[Opening Data under study section]

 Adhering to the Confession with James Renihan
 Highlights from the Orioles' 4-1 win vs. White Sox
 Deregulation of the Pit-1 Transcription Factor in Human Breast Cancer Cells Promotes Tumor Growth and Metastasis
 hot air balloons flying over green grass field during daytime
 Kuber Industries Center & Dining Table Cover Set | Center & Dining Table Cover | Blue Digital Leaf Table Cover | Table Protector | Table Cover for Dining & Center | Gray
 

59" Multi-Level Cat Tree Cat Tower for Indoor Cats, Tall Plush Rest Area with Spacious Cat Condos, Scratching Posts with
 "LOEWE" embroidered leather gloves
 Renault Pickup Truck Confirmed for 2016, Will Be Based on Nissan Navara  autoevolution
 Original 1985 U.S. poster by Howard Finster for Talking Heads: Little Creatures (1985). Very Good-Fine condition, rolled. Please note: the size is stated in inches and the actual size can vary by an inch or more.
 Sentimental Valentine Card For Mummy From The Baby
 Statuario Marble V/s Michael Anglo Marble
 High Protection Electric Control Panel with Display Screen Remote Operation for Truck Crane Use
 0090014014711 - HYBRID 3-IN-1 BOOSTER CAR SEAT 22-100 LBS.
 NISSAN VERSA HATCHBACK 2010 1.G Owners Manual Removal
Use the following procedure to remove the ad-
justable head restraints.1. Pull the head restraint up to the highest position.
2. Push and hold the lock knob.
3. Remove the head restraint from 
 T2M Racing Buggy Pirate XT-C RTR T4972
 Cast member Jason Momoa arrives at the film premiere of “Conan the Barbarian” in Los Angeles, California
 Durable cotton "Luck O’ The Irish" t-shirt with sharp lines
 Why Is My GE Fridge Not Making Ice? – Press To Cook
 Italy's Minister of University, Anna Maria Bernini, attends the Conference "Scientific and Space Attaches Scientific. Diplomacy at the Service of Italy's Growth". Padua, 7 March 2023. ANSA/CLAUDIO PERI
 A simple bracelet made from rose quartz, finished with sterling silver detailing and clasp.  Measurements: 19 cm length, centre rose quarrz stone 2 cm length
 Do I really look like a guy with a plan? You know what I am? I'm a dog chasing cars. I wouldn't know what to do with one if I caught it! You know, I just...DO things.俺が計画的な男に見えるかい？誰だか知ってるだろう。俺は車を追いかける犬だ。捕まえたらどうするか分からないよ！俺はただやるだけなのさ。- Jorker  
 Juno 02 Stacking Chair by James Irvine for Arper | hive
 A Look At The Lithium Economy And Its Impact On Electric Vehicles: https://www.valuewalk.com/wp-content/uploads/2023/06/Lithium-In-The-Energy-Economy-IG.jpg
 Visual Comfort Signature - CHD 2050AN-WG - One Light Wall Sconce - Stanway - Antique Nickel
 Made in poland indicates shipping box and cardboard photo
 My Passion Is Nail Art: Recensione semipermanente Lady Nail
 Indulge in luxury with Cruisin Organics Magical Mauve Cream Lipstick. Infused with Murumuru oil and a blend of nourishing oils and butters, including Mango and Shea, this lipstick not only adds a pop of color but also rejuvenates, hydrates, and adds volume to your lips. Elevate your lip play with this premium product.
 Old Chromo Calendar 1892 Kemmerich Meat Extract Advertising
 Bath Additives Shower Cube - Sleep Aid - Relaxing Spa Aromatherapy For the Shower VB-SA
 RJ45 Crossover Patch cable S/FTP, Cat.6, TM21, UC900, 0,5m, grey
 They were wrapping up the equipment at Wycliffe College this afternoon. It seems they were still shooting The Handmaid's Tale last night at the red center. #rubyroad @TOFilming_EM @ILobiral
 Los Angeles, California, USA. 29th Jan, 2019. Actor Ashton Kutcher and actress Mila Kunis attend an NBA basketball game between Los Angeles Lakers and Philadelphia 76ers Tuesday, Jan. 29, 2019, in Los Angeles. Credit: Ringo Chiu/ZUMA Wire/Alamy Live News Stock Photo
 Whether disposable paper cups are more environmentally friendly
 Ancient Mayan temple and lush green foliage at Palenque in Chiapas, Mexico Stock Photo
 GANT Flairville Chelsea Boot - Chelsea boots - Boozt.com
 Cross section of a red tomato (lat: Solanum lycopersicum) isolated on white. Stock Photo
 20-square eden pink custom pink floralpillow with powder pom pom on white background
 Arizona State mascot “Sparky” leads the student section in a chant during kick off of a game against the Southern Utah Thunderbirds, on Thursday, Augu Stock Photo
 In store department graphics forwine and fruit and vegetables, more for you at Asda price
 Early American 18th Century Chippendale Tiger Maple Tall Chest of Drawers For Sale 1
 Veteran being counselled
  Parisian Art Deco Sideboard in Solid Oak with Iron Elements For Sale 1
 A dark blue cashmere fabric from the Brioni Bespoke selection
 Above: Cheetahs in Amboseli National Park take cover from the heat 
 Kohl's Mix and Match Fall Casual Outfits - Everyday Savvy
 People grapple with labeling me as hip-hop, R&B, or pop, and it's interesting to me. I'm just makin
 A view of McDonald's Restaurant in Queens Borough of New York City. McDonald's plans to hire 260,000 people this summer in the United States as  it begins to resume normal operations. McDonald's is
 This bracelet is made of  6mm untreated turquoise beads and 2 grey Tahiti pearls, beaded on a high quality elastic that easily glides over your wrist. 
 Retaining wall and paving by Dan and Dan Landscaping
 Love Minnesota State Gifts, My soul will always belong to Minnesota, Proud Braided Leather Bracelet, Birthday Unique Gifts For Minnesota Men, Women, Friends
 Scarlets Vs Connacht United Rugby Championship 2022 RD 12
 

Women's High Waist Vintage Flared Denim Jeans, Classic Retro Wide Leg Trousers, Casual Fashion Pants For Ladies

[Closing Data under study section]

■ **Your instructions**
Find the line containing "Los Angeles, California, USA." in the data above. Please transcribe it and every line after it, exactly.

■ **Answer to this problem**
 Los Angeles, California, USA. 29th Jan, 2019. Actor Ashton Kutcher and actress Mila Kunis attend an NBA basketball game between Los Angeles Lakers and Philadelphia 76ers Tuesday, Jan. 29, 2019, in Los Angeles. Credit: Ringo Chiu/ZUMA Wire/Alamy Live News Stock Photo
 Whether disposable paper cups are more environmentally friendly
 Ancient Mayan temple and lush green foliage at Palenque in Chiapas, Mexico Stock Photo
 GANT Flairville Chelsea Boot - Chelsea boots - Boozt.com
 Cross section of a red tomato (lat: Solanum lycopersicum) isolated on white. Stock Photo
 20-square eden pink custom pink floralpillow with powder pom pom on white background
 Arizona State mascot “Sparky” leads the student section in a chant during kick off of a game against the Southern Utah Thunderbirds, on Thursday, Augu Stock Photo
 In store department graphics forwine and fruit and vegetables, more for you at Asda price
 Early American 18th Century Chippendale Tiger Maple Tall Chest of Drawers For Sale 1
 Veteran being counselled
  Parisian Art Deco Sideboard in Solid Oak with Iron Elements For Sale 1
 A dark blue cashmere fabric from the Brioni Bespoke selection
 Above: Cheetahs in Amboseli National Park take cover from the heat 
 Kohl's Mix and Match Fall Casual Outfits - Everyday Savvy
 People grapple with labeling me as hip-hop, R&B, or pop, and it's interesting to me. I'm just makin
 A view of McDonald's Restaurant in Queens Borough of New York City. McDonald's plans to hire 260,000 people this summer in the United States as  it begins to resume normal operations. McDonald's is
 This bracelet is made of  6mm untreated turquoise beads and 2 grey Tahiti pearls, beaded on a high quality elastic that easily glides over your wrist. 
 Retaining wall and paving by Dan and Dan Landscaping
 Love Minnesota State Gifts, My soul will always belong to Minnesota, Proud Braided Leather Bracelet, Birthday Unique Gifts For Minnesota Men, Women, Friends
 Scarlets Vs Connacht United Rugby Championship 2022 RD 12
 

Women's High Waist Vintage Flared Denim Jeans, Classic Retro Wide Leg Trousers, Casual Fashion Pants For Ladies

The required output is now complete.